Uganda recently signed a Memorandum of Understanding with the Russian State Atomic Energy Corporation (ROSATOM) to peacefully use nuclear energy. The agreement was signed by state minister Simon D’Ujanga on behalf of Uganda and Nikolai Spasskiy the deputy director general of ROSATOM. ROSATOM already runs Uranium extraction and production, nuclear power generation, nuclear fuel, nuclear weapons and nuclear safety activities in Russia and other parts of the world. The company also claims to be Russia’s largest electricity generating company producing 196.37 kilowatt-hour of electricity in 2016, or 18.3 percent of the country’s total generation of electricity. This agreement came after Uganda’s ministry of energy team led by Undersecretary Prisca Boonabantu travelled to China at the invitation of Zhonguan Engineering Corporation (CZEC), a subsidiary of China National Nuclear Corporation (CNNC), as part of the ongoing discussions with Beijing to help Kampala develop peaceful nuclear at about $3 billion.

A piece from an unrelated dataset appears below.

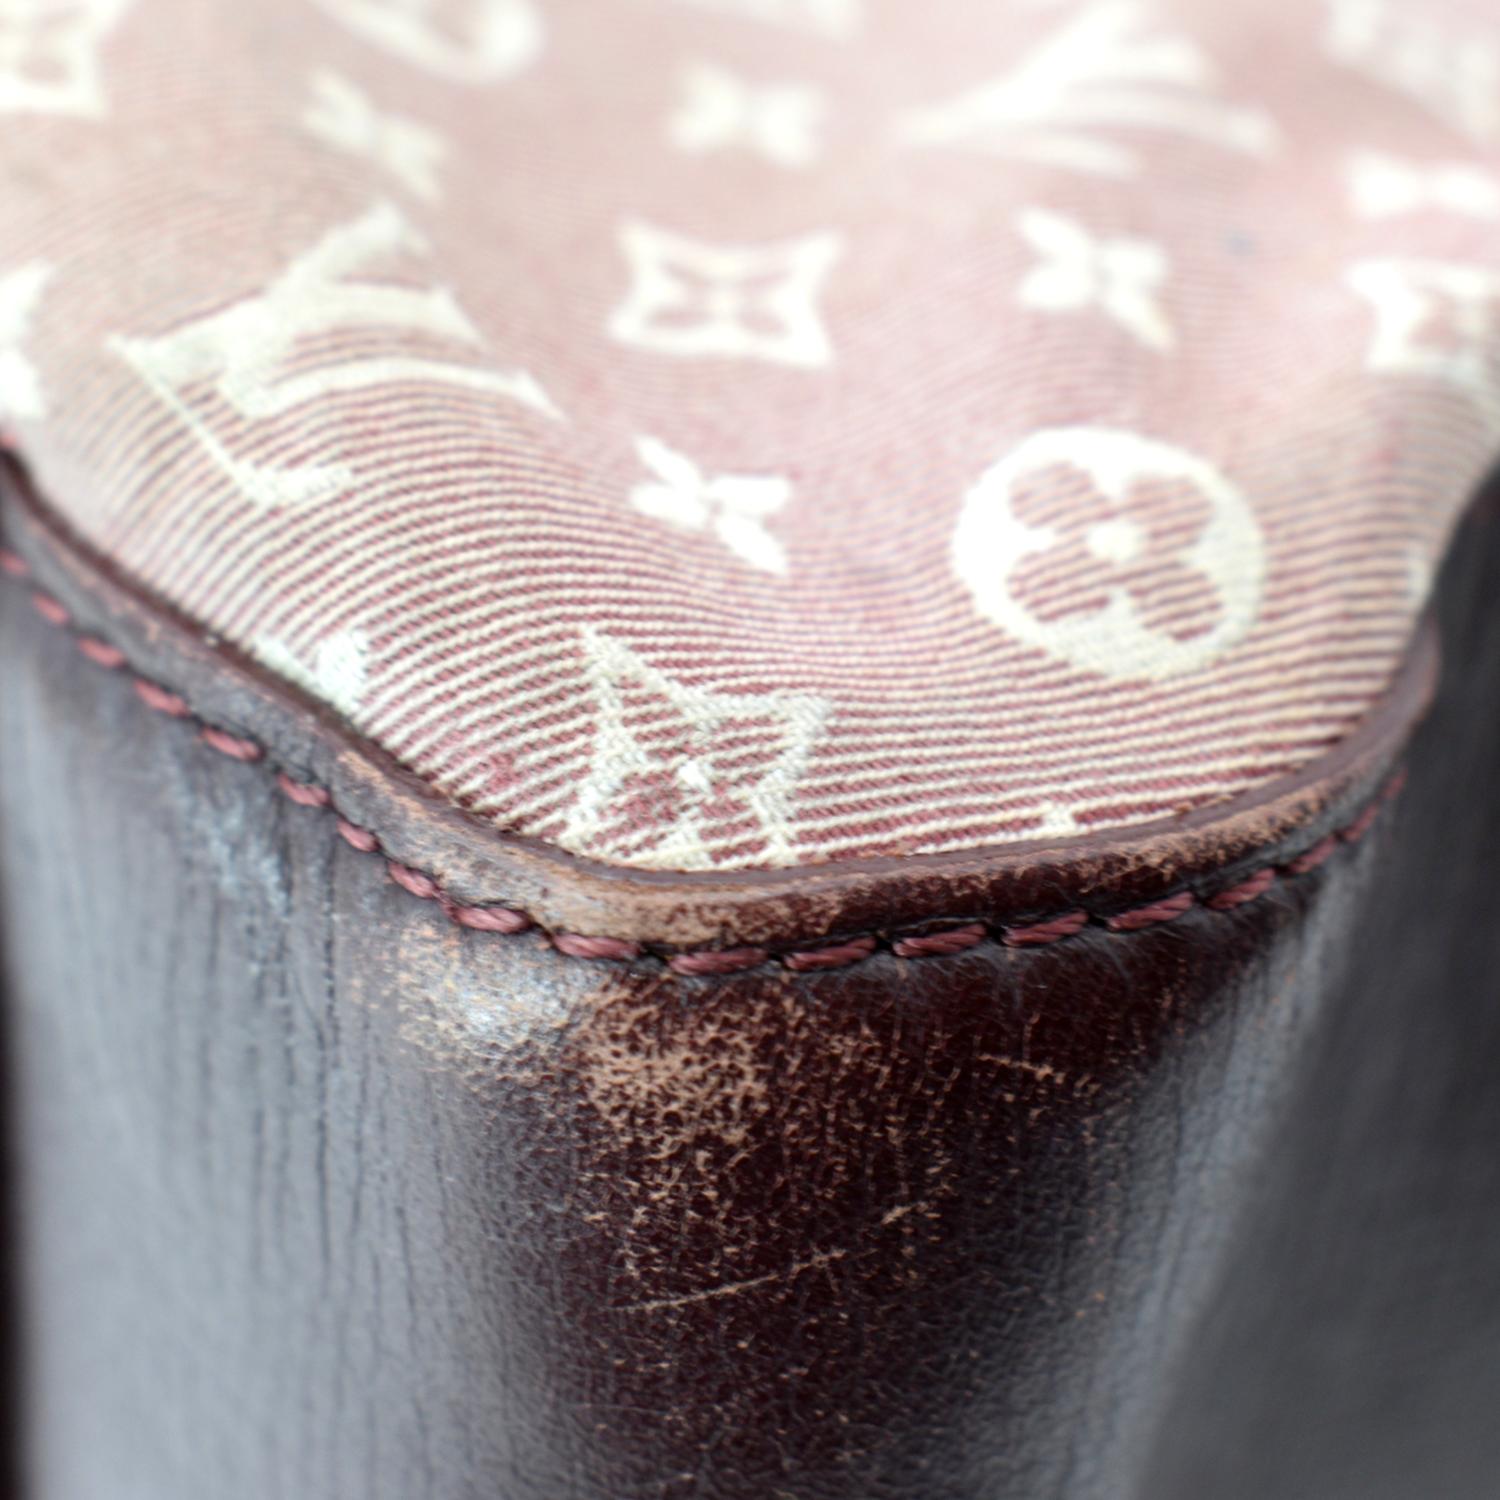 Brown Louis Vuitton Monogram Idylle Fantaisie Hobo Bag – Designer Revival

Uranium is a naturally occurring radioactive element that is very hard and heavy and is classified as a metal. It is all over the planet, and makes up about 2 to 4 parts per million of most rocks. This makes it about as common as tin in the Earth's crust, and about 40 times more common than silver. Uganda has about 52,000 square kilometers of uranium prospects. This includes 18,000 sq.km in the Buganda-Toro region; 12,000 sq.km in the Karagwe-Ankole region; 5,000 sq.km between Lake Albert and Lake Kyoga; 5,000 sq.km around Lake Edward; sq.km on the Buhweju plateau and 12,000 sq.km in Lake Albert.
Uranium minerals in Uganda include euxenite, microlite, betafite, kasolite, torbenite and uranosphaerite. These minerals occur in different geological environments namely:
i. Pegmatite sand granites in eastern and western regions, Buganda and Karamoja.
ii. Sandstone in the Rift Valley and Buhweju plateau.
iii. Unconformities in the metasediments of Buganda-Toro System, Karagwe-Ankolean System, Kyoga Series and Singo-Mityana Series
iv. Springs along Rift Valley margins and
v. Volcanic tuffs in Fort Portal area
Lately, debates have raged over nuclear energy, which begs the question: Is nuclear energy the perfect formula that will finally satisfy the needs of the Uganda’s electricity or will it end up to be the malevolent power that devastates the country?
Nuclear energy is a clean, safe, reliable and competitive energy source. It is the only source of energy that can replace a significant part of the fossil fuels (coal, oil and gas) which greatly pollute the environment and contribute to the greenhouse effect.
As a nation that wants to be serious about climate change and the end of oil, emphasis should be put on use of more efficient use of energy. Renewable energies – wind and solar – wherever possible, and adopt a more sustainable life style. But this will not be nearly enough to slow the accumulation of atmospheric CO2, and satisfy the needs of our industrial growth and the aspirations of the country. Nuclear power should be deployed rapidly to replace wood, coal, oil and gas for a prospective industrial Uganda.
Nuclear power plants, produce electricity by boiling water into steam. This steam then turns turbines to produce electricity. Nuclear plants do not burn anything, instead, they use uranium fuel, consisting of solid ceramic pellets, to produce electricity through a process called fission. The uranium fuel consists of small, hard ceramic pellets that are packaged into long, vertical tubes. Bundles of this fuel are inserted into the reactor. Nuclear power plants obtain the heat needed to produce steam through a physical process. This process, called fission, entails the splitting of atoms of uranium in a nuclear reactor.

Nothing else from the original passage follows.